I read some Seneca years ago and didn't remember this one, so was inspired to look it up (thank you, BTW). At the risk of derailing this thread, I present these gems from Goodreads:

“We are all chained to fortune: the chain of one is made of gold, and wide, while that of another is short and rusty. But what difference does it make? The same prison surrounds all of us, and even those who have bound others are bound themselves; unless perchance you think that a chain on the left side is lighter. Honors bind one man, wealth another; nobility oppresses some, humility others; some are held in subjection by an external power, while others obey the tyrant within; banishments keep some in one place, the priesthood others.
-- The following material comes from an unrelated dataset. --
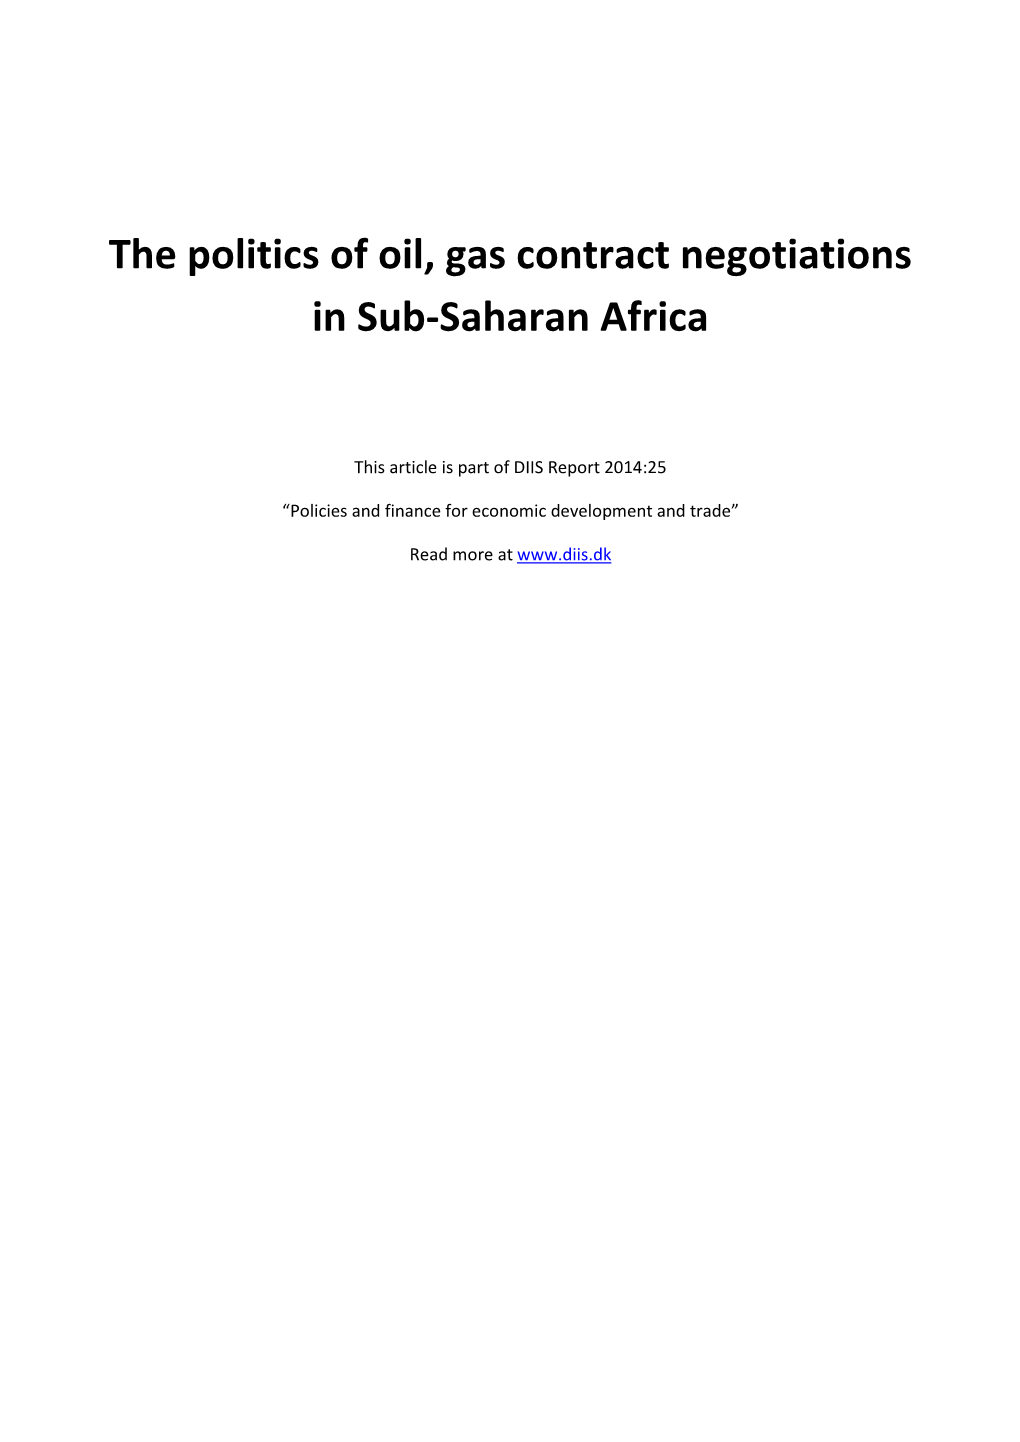 The Politics of Oil, Gas Contract Negotiations in Sub-Saharan Africa

All life is slavery. Therefore each one must accustom himself to his own condition and complain about it as little as possible, and lay hold of whatever good is to be found near him.”
― Moses Hadas, translator. The Stoic Philosophy of Seneca: Essays and Letters

 

Again a little off-topic, but every now and again I have moments where I remember that 99.999% of the ancient historic writings we have were written by filthy stinking rich people.

'What difference does it make if one man is chained by short rusty links, and another by a mile-long gossomer strand of gold?'.

As if you would know, Seneca, one of the very richest men in the very richest polity Europe had ever known. By all means, enlighten us with your stoic wisdom in the face of hardship, man who has never wanted for anything in his life.

'Woe is me, my wealth and nobility are oppressing me. This is clearly as heavy a burden as the threat of starvation that the poors are complaining about. I don't complain about how wealthy I am, so why should they complain about how destitute they are?' - says phenomenally rich land-owning aristocrat.